‘Z’ de ‘ele está vivo’ (publicado originalmente em 10/4/2008)
Em 1963, a Grécia passou por um momento político difícil. Gregorios Lambrakis, professor de Medicina, foi assassinado quando saía de uma manifestação de paz em praça pública. Eram tempos de alta efervecência, agasalhada pelo pano de fundo da Guerra Fria (1947-1989). Lambrakis, pouco a pouco, transformou-se em um símbolo do governo grego, seja para qual lado for. A investigação de sua morte acabou por revelar o esquema ordinário de escândalos, corrupção e ilegalidades na polícia e na administração daquele país, cujo Premier era o líder do partido de oposição. Quatro anos depois, em 1967, um golpe militar derrubou o governo da Grécia. Iniciava-se a ditadura, que duraria longos sete anos, acabando em 1974. O diretor grego Konstantinos Costa-Gavras aproveitou a toada destes meses duros para sua pátria para idealizar um longa-metragem acerca do assunto. Com o roteirista Jorge Semprún, baseado em livro de Vassilis Vassilikos, surgia ‘Z’ (1969), filme marcante para toda a geração revolucionária das décadas de 1960 e 1970. A fita, ganhadora de dois Oscars (melhor filme em língua estrangeira, edição), abalroou um período negro da história mundial. Pôs o dedo na ferida.

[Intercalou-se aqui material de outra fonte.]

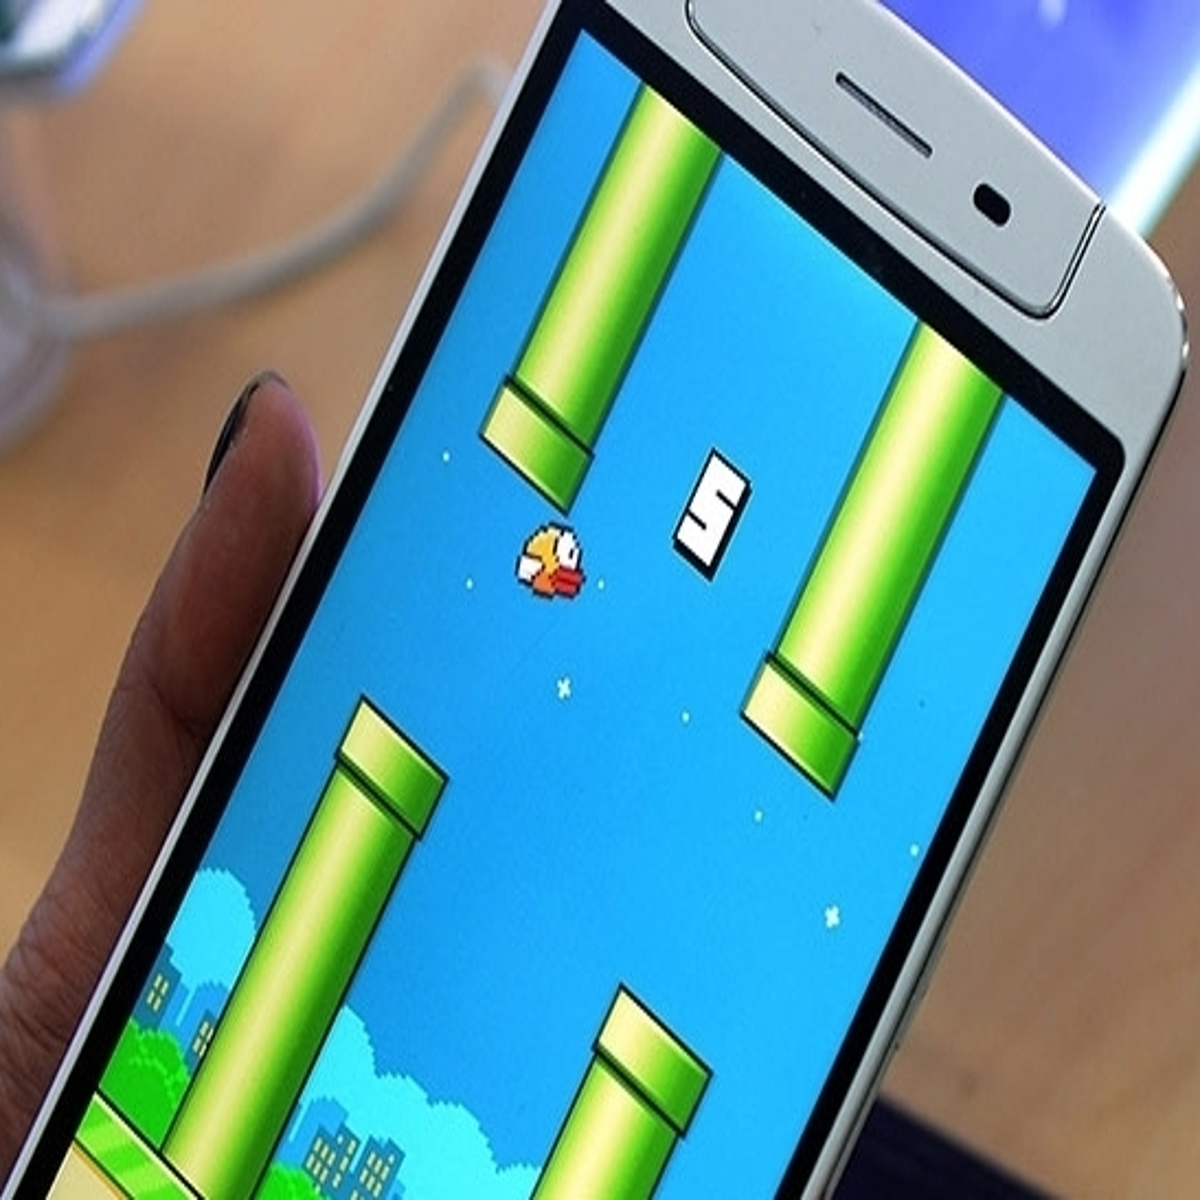 A Look at Flappy Bird, The Game That Shook the World

‘Z’ narrou praticamente a mesma trama de 1963, mas escamoteando nomes de pessoas. Tirou também a Grécia da jogada. Situou a aventura na França, na época com várias brigas de estudantes e policiais (o famoso 1968, quando jovens lutaram a partir da demissão de Henri Langlois, presidente da Cinemateca francesa –deste caos ‘nasceram’ para a arte figuras como Jean-Luc Godard e François Truffaut). O ator Yves Montand interpreta o deputado morto em meio a passeata contra o sistema de governo local: a ditadura. Daí em diante, acompanhados quase sempre pelo fotojornalista encarnado por Jacques Perrin, somos levados aos bastidores escabrosos dos submundos criminais dos colarinhos brancos. As patentes militares que subornam, corrompem, torturam e matam gente que queria apenas se mostrar para buscar uma nação mais justa e franca... Indicado ainda às categorias filme, direção a Costa-Gavras e roteiro adaptado, ‘Z’ jogou mais sal às disputas políticas pelo mundo. Este vivia em, talvez, seu instante mais conturbado, com o braço-de-ferro entre comunistas/socialistas e capitalistas selvagens, com EUA num canto, URSS no outro. Foram dias nos quais somente pensar era problema.
A fita em alguns pontos chega a ser intrigante. O vil plano dos militares de varrer para debaixo do tapete as confusões em que ele próprio se metera nos faz pensar nos Anos de Chumbo vividos no Brasil entre 1964 e 1985. Faz-nos recordar, por exemplo, do jornalista Vladimir Herzog. Ou então de Tancredo Neves e Ulysses Guimarães. Pessoas míticas cujas batalhas para o bem do Brasil não foram em vão. ‘Z’ pinta este cenário na Europa. Sua qualidade impressionou não somente os membros da Academia de Artes Cinematográficas, organizadora do Oscar. Deixou boquiaberto o Globo de Ouro, prêmio na categoria filme estrangeiro, e o Festival de Cannes, com troféus do Júri (especial) e ator, para Jean-Louis Trintignant, que deu vida ao magistrado responsável pelo indiciamento dos tantos envolvidos... A película foi a primeira de idioma não-inglês a estar na lista de melhor filme. Após o feito, só o italiano ‘A Vida é Bela’ (1998) e o chinês ‘O Tigre e o Dragão’ (2000) conseguiram estar presentes no quesito. Entretanto, nada se compara a ousadia de Gavras. Igualou-se aos milicos de seu país: ‘escondeu’ nomes. Porém, ao benefício do público. Exibiu aos compatriotas os segredos gregos.